Here's an HMM that describes a model where a person can be either healthy or feverish, and can exhibit symptoms based on their health (taken from https://en.wikipedia.org/wiki/Viterbi_algorithm):

Screenshot of Mavelous running in a desktop browser

According to this model, there is a 60% chance of starting out healthy and a 40% chance of starting out sick. Then on any given day, if someone is healthy then they have a 70% of staying healthy the next day and a 30% chance of getting a fever. If someone has a fever, they have a 60% of continuing to have a fever the next day, or a 40% chance of recovering.

If someone is healthy, there is a 10% chance of them being dizzy, a 40% chance of them being cold, and a 50% chance of being normal. If someone has a fever, there is a 60% chance of being dizzy, a 30% chance of being cold, and a 10% chance of being normal.

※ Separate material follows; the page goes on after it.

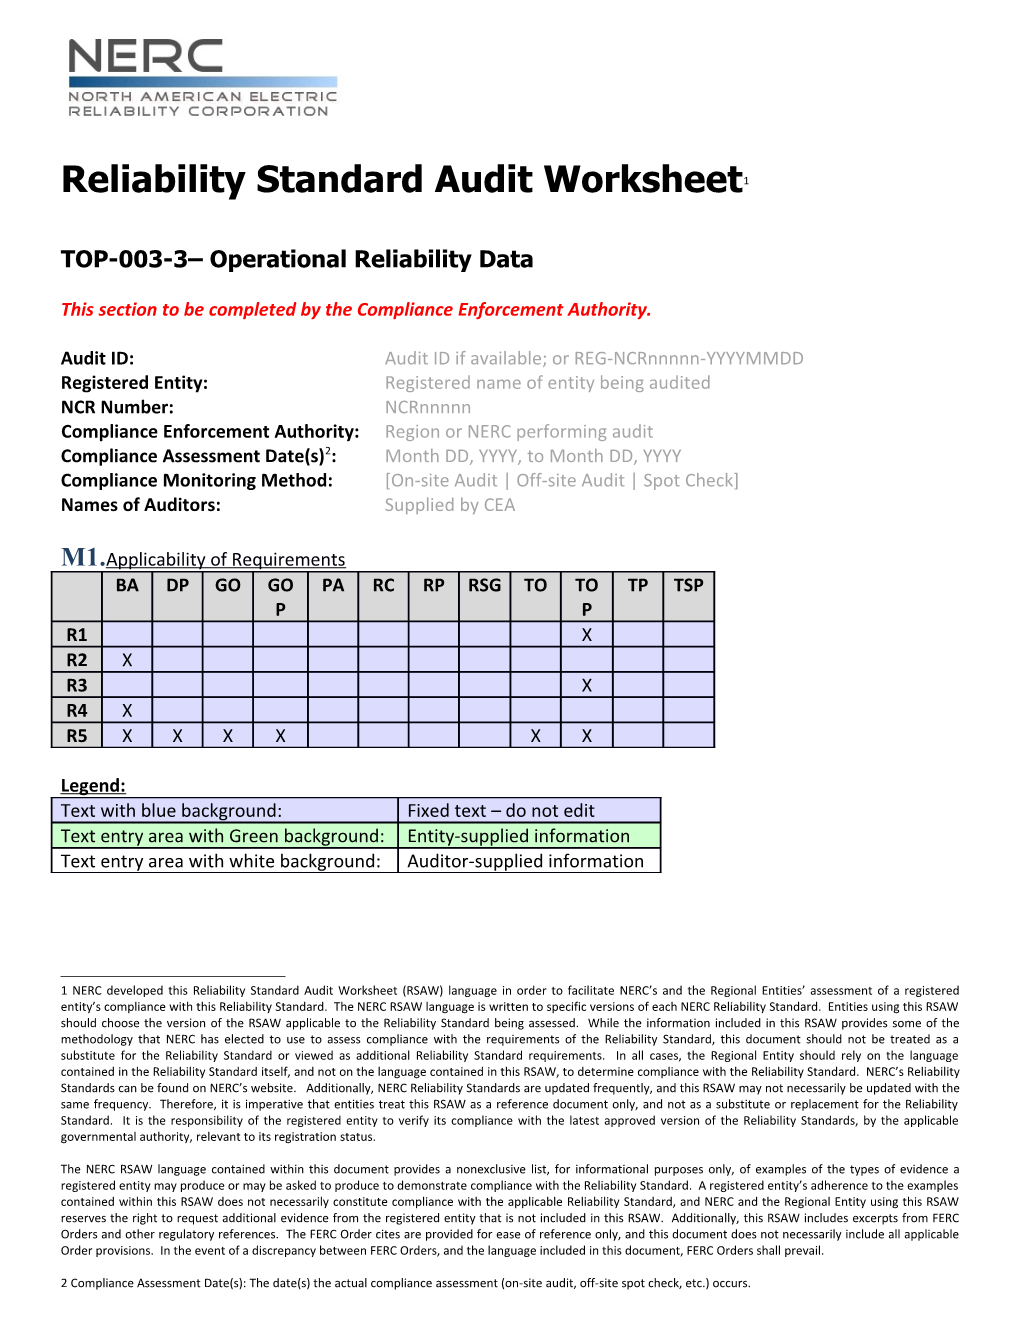 Operational Reliability Data

To define an HMM, you call make-hmm with the following keyword arguments:

Argument Description
:states The possible states.
:start-p A map from state → starting probability of the state.
:trans-p A function F(s1, s2) → probability of transitioning from state s1 to state s2.
:emit-p A function F(s, o) → probability of emitting observation o from state s.

For example,

(ns viterbi-example
    (:require [com.lemonodor.viterbi :as viterbi]))

(def hmm
  (viterbi/make-hmm
   :states [:healthy :fever]
   :start-p {:healthy 0.6, :fever 0.4}
   :trans-p (let [t {:healthy {:healthy 0.7, :fever 0.3},
                     :fever {:healthy 0.4, :fever 0.6}}]
              #((t %1) %2))
   :emit-p (let [t {:healthy {:normal 0.5, :cold 0.4, :dizzy 0.1},
                    :fever {:normal 0.1, :cold 0.3, :dizzy 0.6}}]
             #((t %1) %2)))

Now we can find the sequence of states that is most likely given the sequence of observations normal, cold, dizzy:

(viterbi/viterbi hmm [:normal :cold :dizzy])
;; -> [-1.8204482088348124 [:healthy :healthy :fever]]

The return value is a vector containing the log10-probability of the most likely sequence of states, and the most likely sequence of states. In this case, the most likely sequence of states is healthy, healthy, fever.